Details of the search strategies for CENTRAL and MEDLINE, the list of handsearched journals and conference proceedings, and the list of journals reviewed via the current awareness service can be found in the 'Search strategies for identification of studies' section within the editorial information about the Cochrane Pregnancy and Childbirth Group.
Trials identified through the searching activities described above are given a code (or codes) depending on the topic. The codes are linked to review topics. The Trials Search Co‐ordinator searches the register for each review using these codes rather than keywords.
Data collection and analysis
Selection of studies
Each review author will assess the trials without blinding to the names of authors, institutions, etc. Trials will be evaluated for methodological quality and appropriateness for inclusion without consideration of results. Quality scores will be assigned using the criteria described in the Cochrane Reviewers' Handbook (Alderson 2004).
Each study will be assessed for quality of the concealment of allocation, completeness to follow up, and blinding in the assessment of outcome.
Generation of random allocation sequence: adequate, inadequate, unclear.
Allocation of concealment
A quality score for concealment will be assigned to each trial, using the following criteria:
(A) adequate concealment of allocation, such as telephone randomisation, consecutively numbered sealed opaque envelopes;
(B) unclear whether adequate concealment of allocation;
(C) inadequate concealment of allocation, such as open random number tables.

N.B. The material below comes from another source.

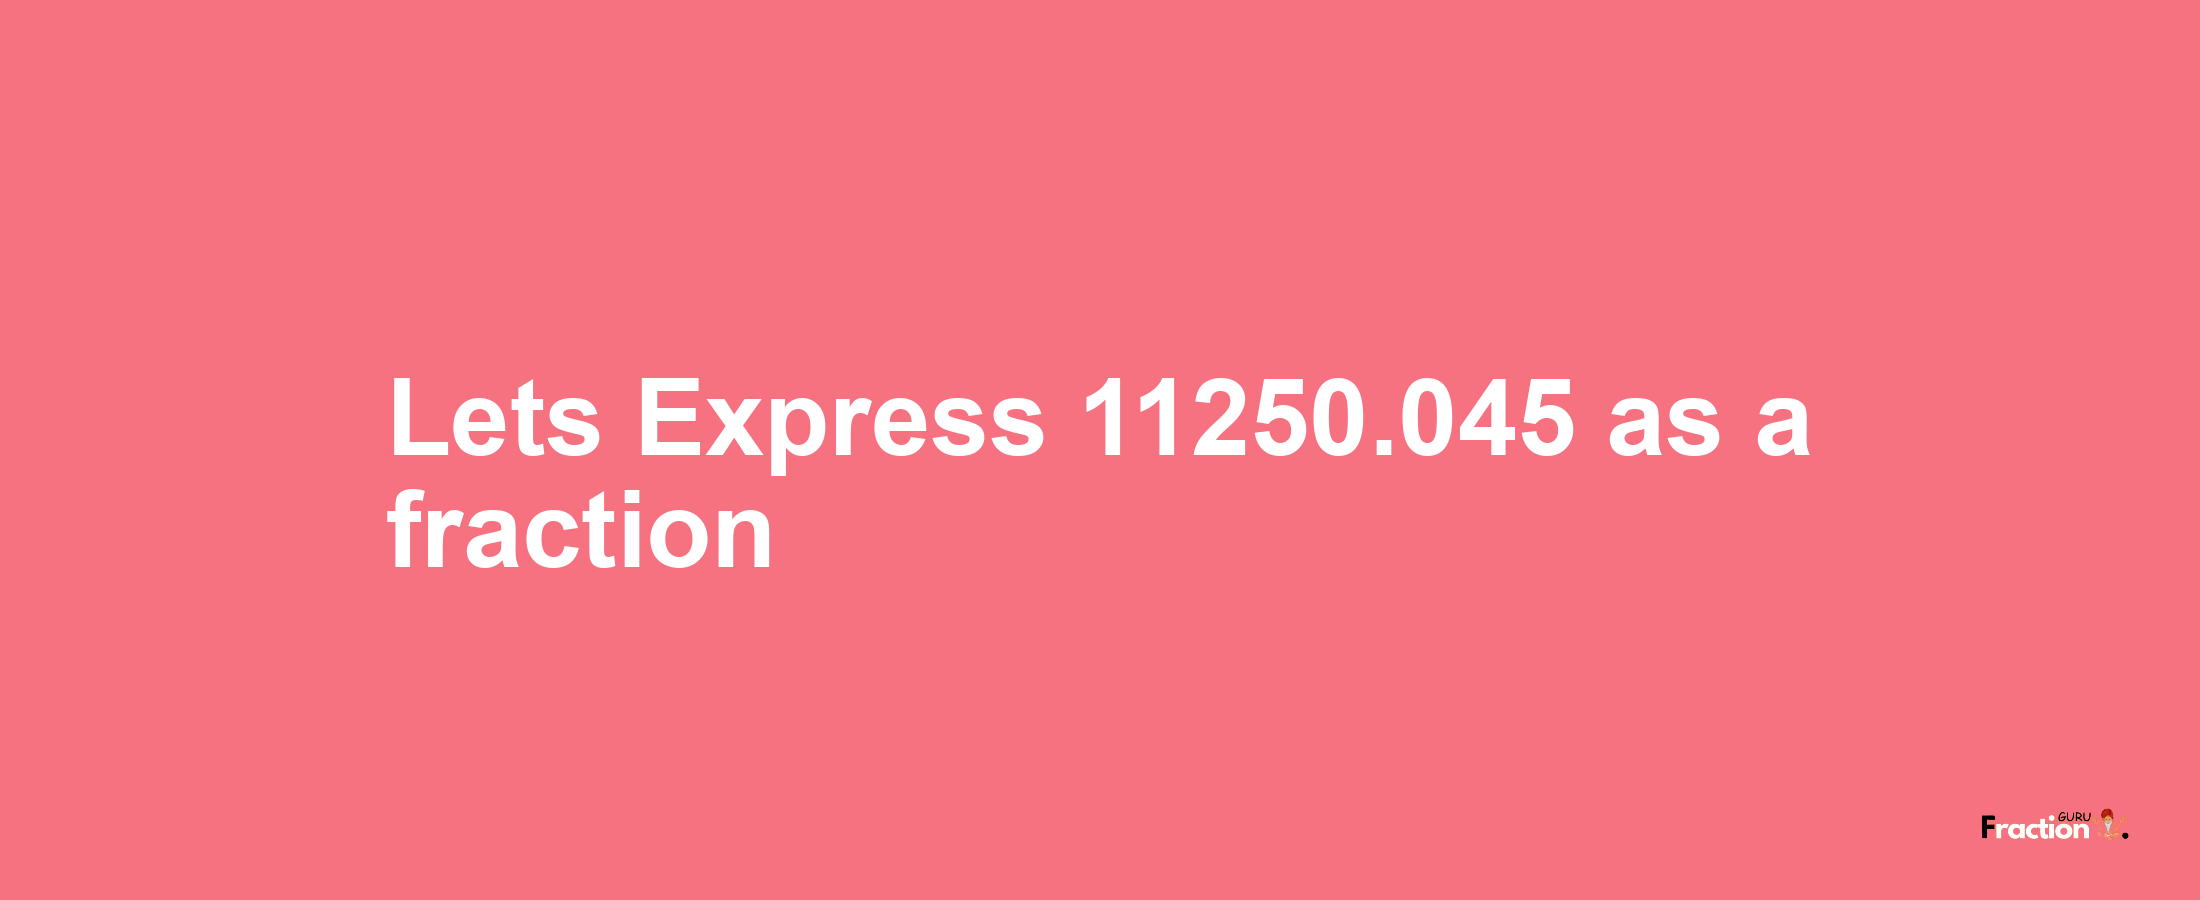 Lets Express 11250.045 as afraction

When the method of allocation is unclear, attempts will be made to contact authors to provide further details.
Completeness to follow up
Completeness to follow up will be assessed using the following criteria:
(A) less than 5% of participants excluded;
(B) 5% to 10% of participants excluded;
(C) more than 10% and up to and including 20% of participants excluded.
Studies will be excluded if:
(1) more than 20% of participants excluded;
(2) more than 20% of analysis not in randomisation groups and not possible to restore participants to correct group;
(3) large difference (more than 10%) in withdrawal of participants between groups.
Blinding
Blinding of outcome assessment (yes/no/unclear).

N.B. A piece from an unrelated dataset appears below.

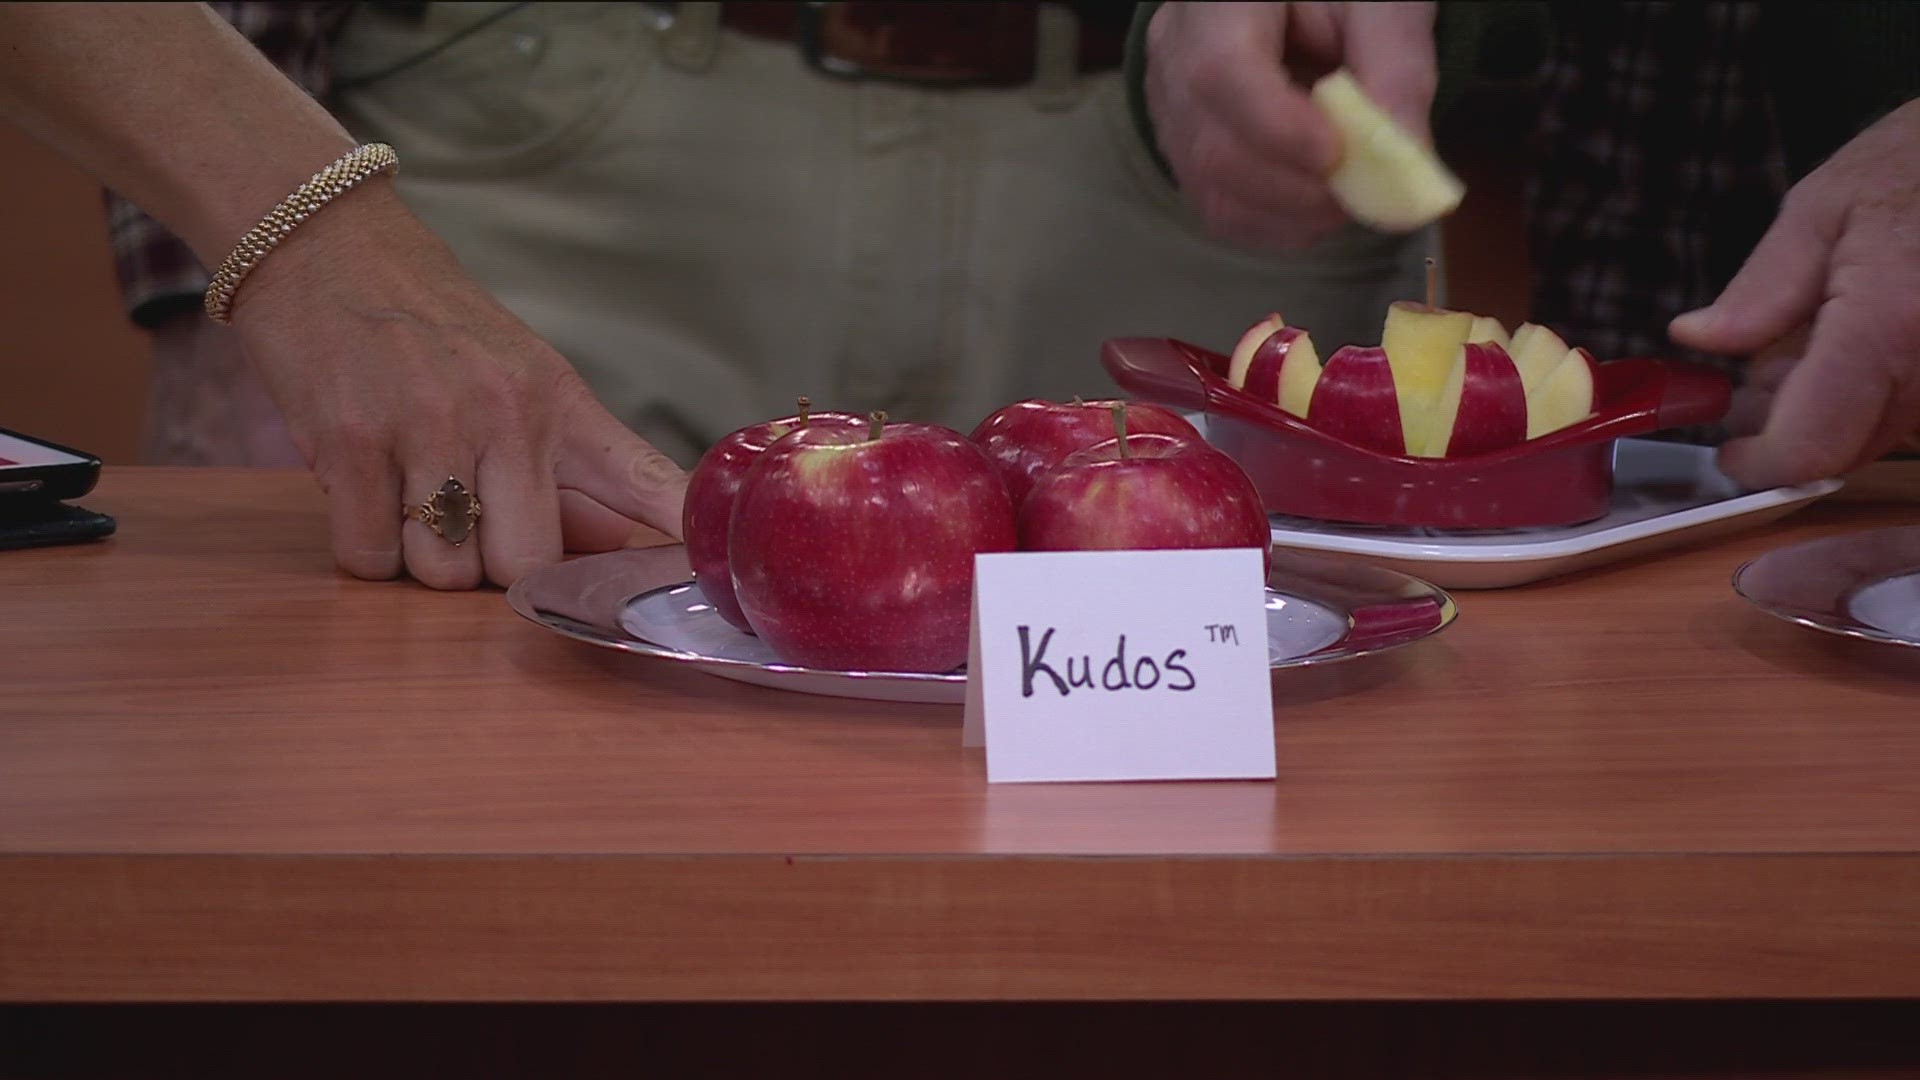 The Kudos apple, developed by researchers at the University of Minnesota, is a combination of the Honeycrisp and Zestar.

Quality assessment and data extraction will be performed independently by each review author and differences in interpretation will be resolved by discussion.
Data extraction
Data will be extracted to allow an intention‐to‐treat analysis wherever possible so that women allocated to trial of instrumental delivery who were delivered by caesarean section will be restored to the instrumental vaginal delivery group. We will entere data onto the Review Manager software (RevMan 2003). We will design a data collection form which will contain information about quality and characteristics of the trials (methods, participants, outcome measures and results).
Statistical analyses
For binary outcomes, results of comparisons will be expressed using relative risk with 95% confidence intervals as measure of effect. Weighted mean difference will be used for continuous outcome measures. Data from different trials will be combined if the trials are considered sufficiently similar. Fixed‐effect meta‐analysis will be used for combining data in trials that are judged to be sufficiently similar. If forest plots indicate heterogeneity among the trials included in the analysis, we will use random‐effects meta‐analysis for the overall summary and assessed using I² statistics.
All eligible trials will be included in the primary analysis. We will perform sensitivity analyses for each of the quality factors using subgroups adequate, inadequate and unclear.
In a subgroup analysis we will explore the relationship of epidural use, operator skills and type of instrument to outcome of trial of instrumental vaginal delivery.